His best-known piece was the instrumental Angi, which became the signature tune of every aspiring finger-picking guitarist in the 1960s. A famous maverick who was always two steps ahead of the pack, he eclectically mixed traditional English folk songs with blues and jazz and travelled to North Africa and the Near East, where he absorbed Arabic and other influences, adding them to his guitar repertoire long before anyone had invented the term “world music”.
Although he was so strongly influential, his refusal to stick to one style contributed to his failure to enjoy much mainstream success, and in the 1970s he disappeared from view. Rather like Peter Green, the talented but troubled guitarist from Fleetwood Mac, who fell off the radar around the same time, he suffered from personal problems and became “a casualty of too much self-indulgence,” as he put it some years later. Motivated by his own unhappy experiences, he went on to work for various mental health charities and was for some years on the executive council of Mind.

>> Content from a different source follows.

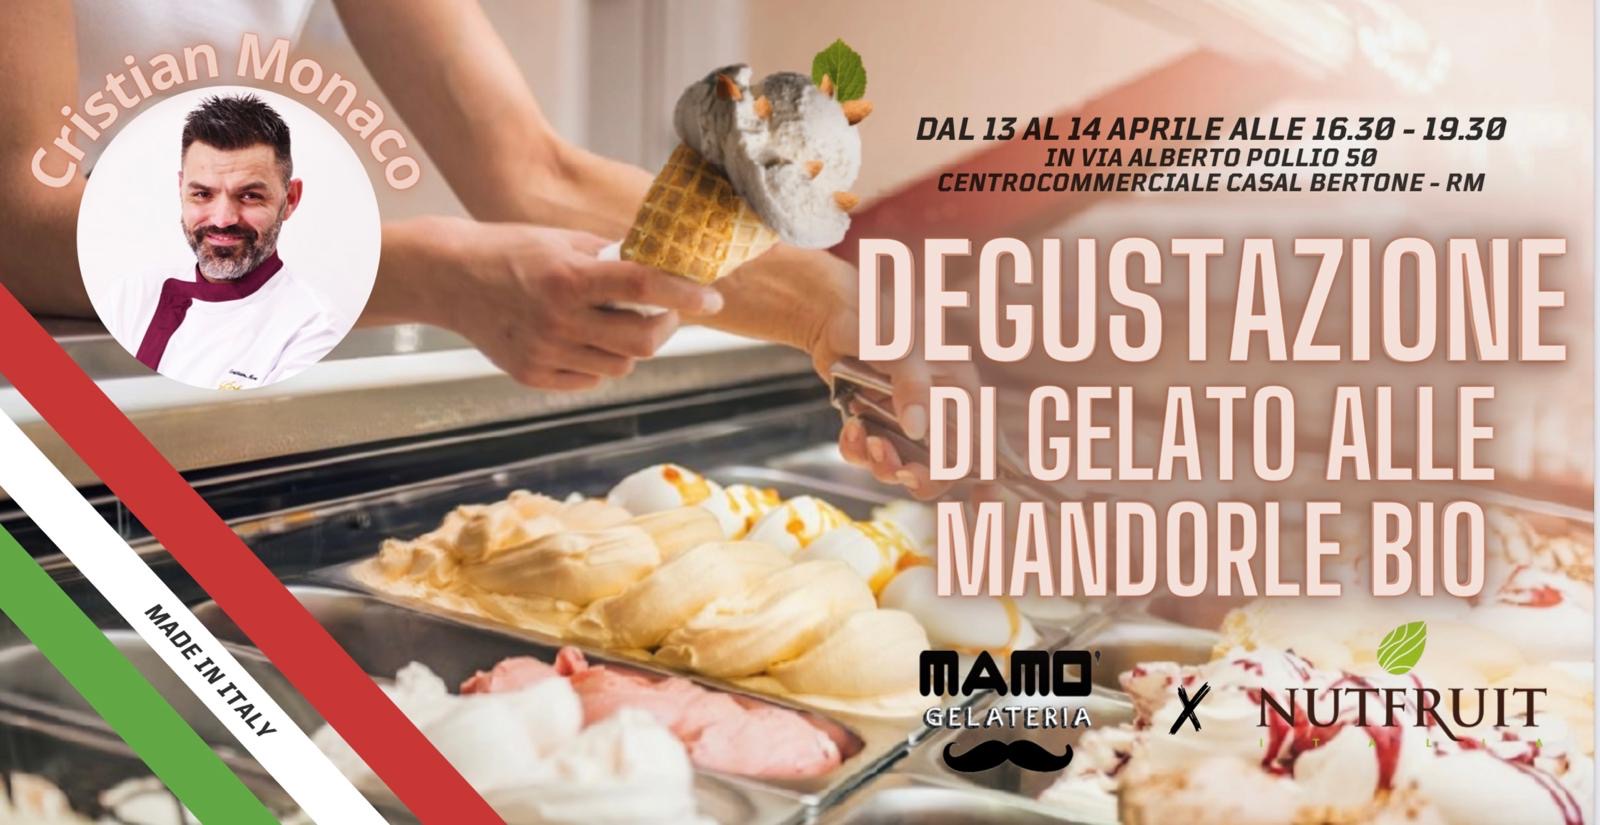 https://www.agenziaeventi.org/immagini_news/4120/roma-degustazione-di-gelato-e-mandorle-a-casal-bertone-13-e-14-aprile-dalle-16-30-4120.jpg

Like Green, he returned to performing later in life, but although his last concerts were nostalgic occasions he never quite recaptured his early virtuosity, and there was something wistful in the way he would tell his audiences, “I’m a bit slower than before.”
David Michael Gordon Graham was born in 1940 in Hinckley, Leicestershire. His Guyanan mother taught him French, and his Scottish father spoke Gaelic to him. He began playing harmonica and piano as a child. Although he never had formal music lessons, he could, he claimed, “remember almost anything that I’d heard”, and by 12 he had graduated to the guitar.
Inspired by the pioneering British folk guitarist Steve Benbow as well as recordings by US acoustic blues performers such as Big Bill Broonzy, he first came to wider attention as a guitarist when in 1959 he was seen playing Cry Me A River on the BBC’s Monitor arts programmes, in a film directed by Ken Russell.
Shortly afterwards he wrote the instrumental Angi, dedicated to his then girlfriend, although there is some controversy over the tune’s origin. In the early 1960s he was part of a coterie of young acoustic guitarists who met at the Gyre and Gimble coffee shop in John Adams Street, Charing Cross, to play together and swap tunes. One of them, Sydney Katzenell, has suggested that Graham developed and polished Angi from one of his pieces, although the claim has never been verified. Whatever the truth, such borrowing and adaptation have long been accepted practice in the folk world, and Graham — billed at the time as Davie rather than Davey which he adopted later — was the first to record the tune in early 1962 on the EP 3/4 AD, recorded with Alexis Korner.
The tune was swiftly taken up by almost every other aspiring folk guitarist in Britain. Bert Jansch recorded it on his 1965 debut album, and Paul Simon, who was performing on the London folk club scene at the time, recorded it as Angi on Simon and Garfunkel’s 1965 album The Sounds of Silence.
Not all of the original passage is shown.